/simple-captcha-solver

simple CAPTCHA solver in python

Primary LanguagePython

Simple CAPTCHA solver in python

Disclaimer

This is a simple solver for a very specific and easy-to-solve CAPTCHAs like those proposed here and here. Use the force to find something more complex.

The idea

In this example we are going to use the following images.

First of all, a fixed size (monospace) font has been used. This makes extracting all the letters and using them as masks to check each digit, one by one, very easy. Also, the alphabet is simple lowercase hexadecimal letters. Thus, we had to extract only 16 letters.

The first part was to to extract all the letters. To achieve that, first of all we sampled several images so as to be sure that the images we have contains all the 16 letters. Then, using a simple image editor we cropped all the letters, one by one. We had to be careful so all the letters be aligned properly. Here is the final mask.

Now we can focus on the CAPTCHA. As you can notice there is some noise which we have to remove (lines and stuff). After playing with several techniques we finally ended to the following. We turned the image to greyscale. Then we used a threshold to remove some of the noise. Here is the example after the filtering (cropping also applied).

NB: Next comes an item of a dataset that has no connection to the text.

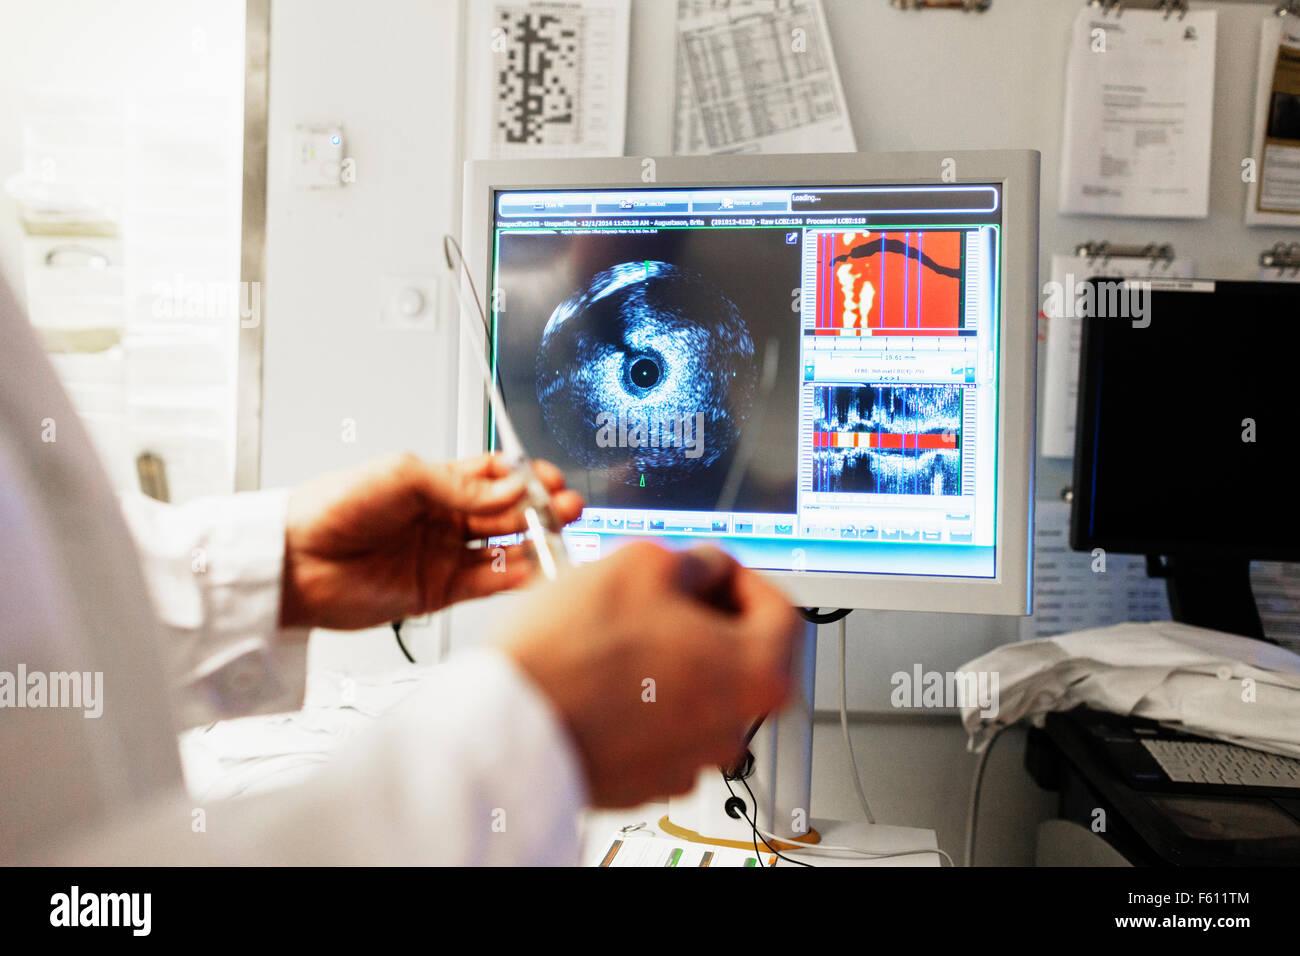 Arzt Holding Katheter vor intravaskulären imaging-system Stockbild

So, now we have the image almost cleared and some letters to play with.

Procedure

Move each letter across the image and take the difference of the pixels for each position and sum them. Thus for each position we have a score of how much the letter (mask) fits the letter behind it. Then, store for each letter the position where the maximum score found. Then sort by score, take the top five results (our captcha is five letters) and finally sort by position. The result is the CAPTCHA text.

More formally

Let

d(I,l,o)=\sum_{0\leq i \leq W \ 0 \leq j \leq H}{[I(o+i, j)-l(i,j)]}

be the distance of the image I, with the letter l in position o

Then

p(I,l) = \arg\max_{o}d(I,l,o)

Thus, we need 5 letters l_{1},l_{2},l_{3},l_{4},l_{5} with maximum d(l_{i},I,o) ordered by p(l_{i}, I).

def p(img, letter):
    A = img.load()
    B = letter.load()
    mx = 1000000
    max_x = 0
    x = 0
    for x in xrange(img.size[0]-letter.size[0]):
        sum = 0
        for i in xrange(letter.size[0]):
            for j in xrange(letter.size[1]):
                sum = sum + abs(A[x+i, j][0] - B[i, j][0])
        if sum < mx :
            mx = sum
            max_x = x
    return (mx, max_x)

Here is the code which implements this method. You can browse and download everything from https://github.com/ptigas/simple-CAPTCHA-solver

from PIL import Image

def ocr(im, threshold = 200, aplhabet = "0123456789abcdef"):
    img = Image.open(im)
    img = img.convert("RGB")
    box = (8, 8, 58, 18)
    img = img.crop(box)
    pixdata = img.load()

    letters = Image.open('letters.bmp')
    ledata = letters.load()

    # Clean the background noise, if color != black, then set to white.
    for y in xrange(img.size[1]):
        for x in xrange(img.size[0]):
            if not(pixdata[x, y][0] > threshold \
            and pixdata[x, y][1] > threshold \
            and pixdata[x, y][2] > threshold):
                pixdata[x, y] = (0, 0, 0, 255)
            else:
                pixdata[x, y] = (255, 255, 255, 255)

    counter = 0;
    old_x = -1;

    letterlist = []

    for x in xrange(letters.size[0]):
        black = True
        for y in xrange(letters.size[1]):
            if ledata[x, y][0] <> 0 :
                black = False
                break
        if black :
            if True :
                box = (old_x+1, 0, x, 10)
                letter = letters.crop(box)
                t = p(img, letter);
                print counter, x, t
                letterlist.append((t[0],aplhabet[counter], t[1]))
            old_x = x
            counter = counter + 1

    box = (old_x+1, 0, 140, 10)
    letter = letters.crop(box)
    t = p(img, letter)
    letterlist.append((t[0],aplhabet[counter], t[1]))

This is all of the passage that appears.